:: REQUIRED WORK ::
All of the data, except its images, should be set down exactly as it appears.

:: INPUT DATA ::
┌──

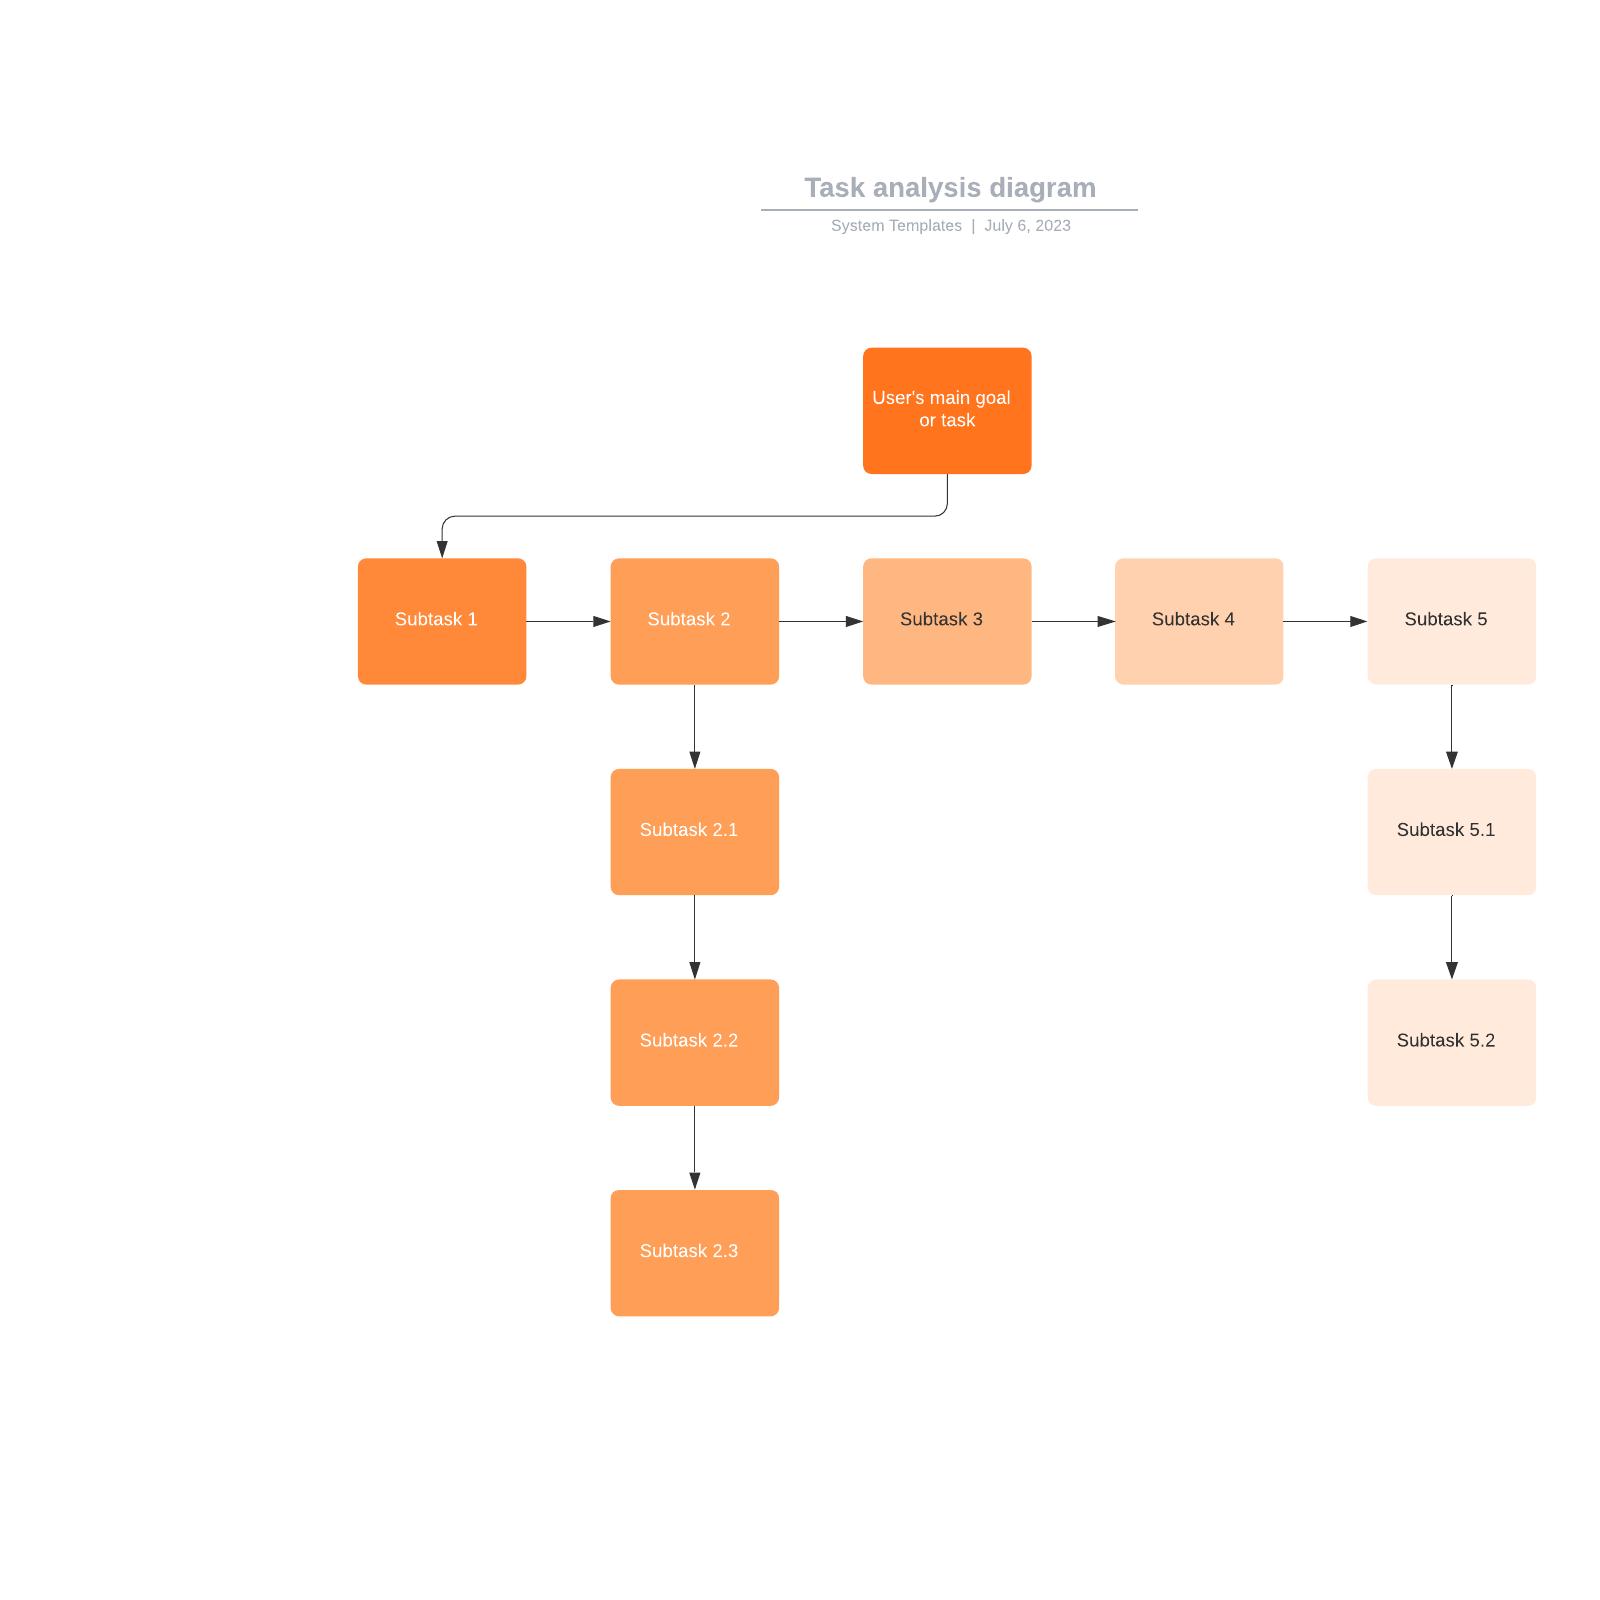 Task analysis diagram
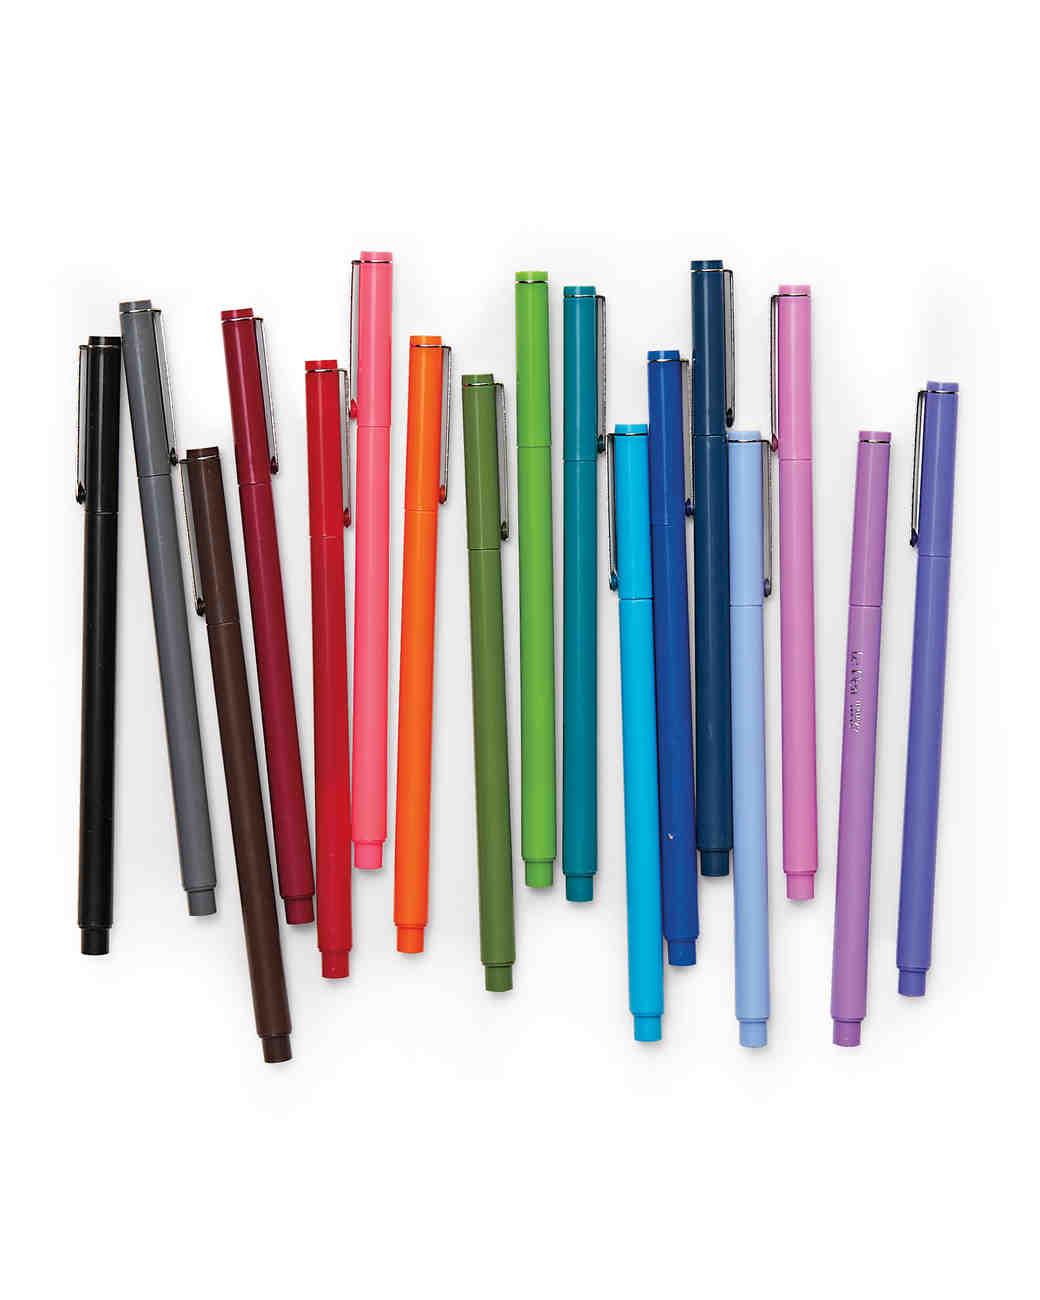 pens-003-mwd109642.jpg
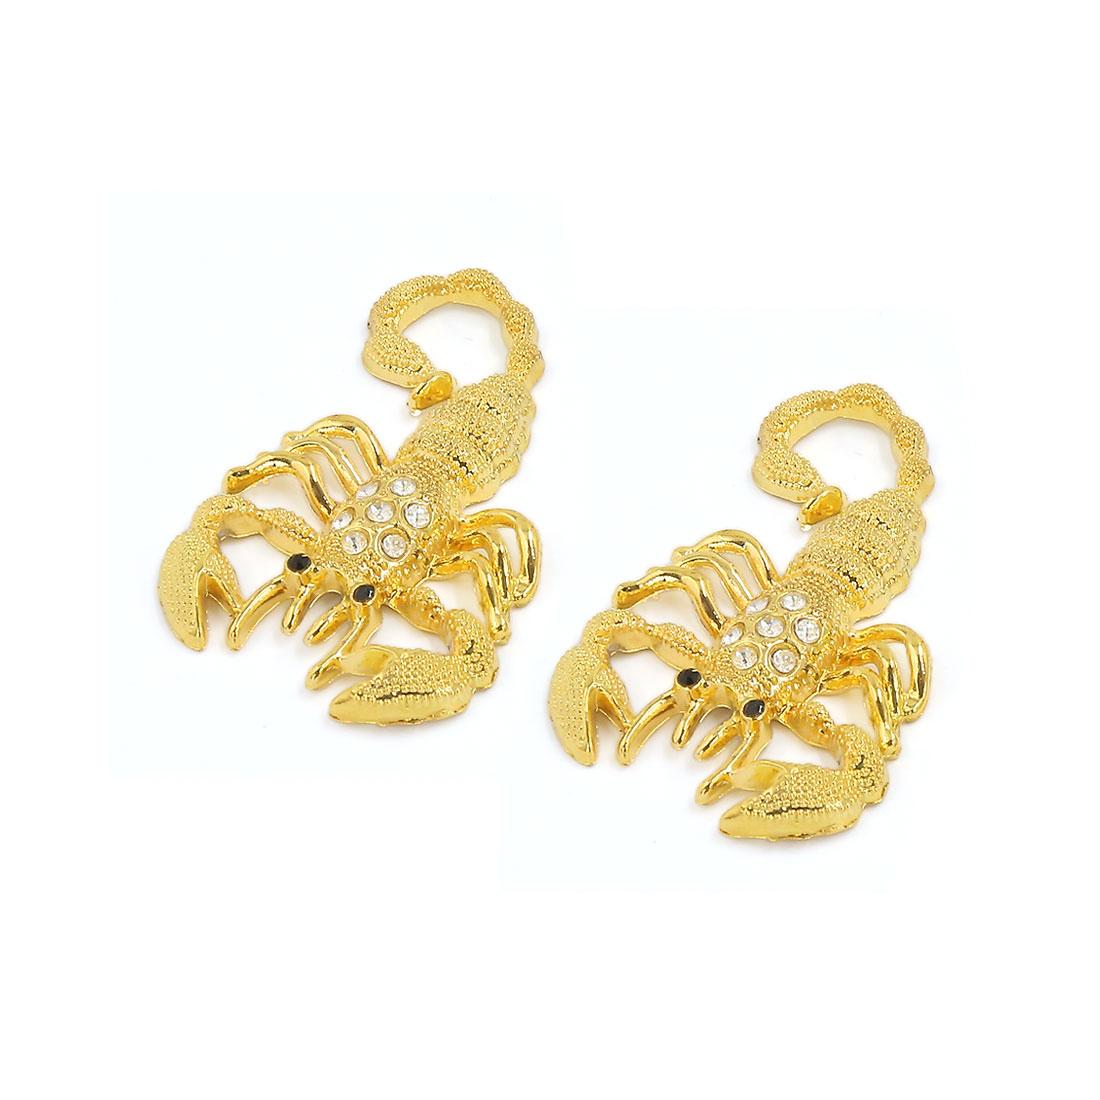 Gold Tone Metal 3D Faux Crystal Decor Scorpion Shape Adhesive Sticker Decal 2pcs

└──

:: WRITTEN REPLY ::
 Task analysis diagram
 pens-003-mwd109642.jpg
 Gold Tone Metal 3D Faux Crystal Decor Scorpion Shape Adhesive Sticker Decal 2pcs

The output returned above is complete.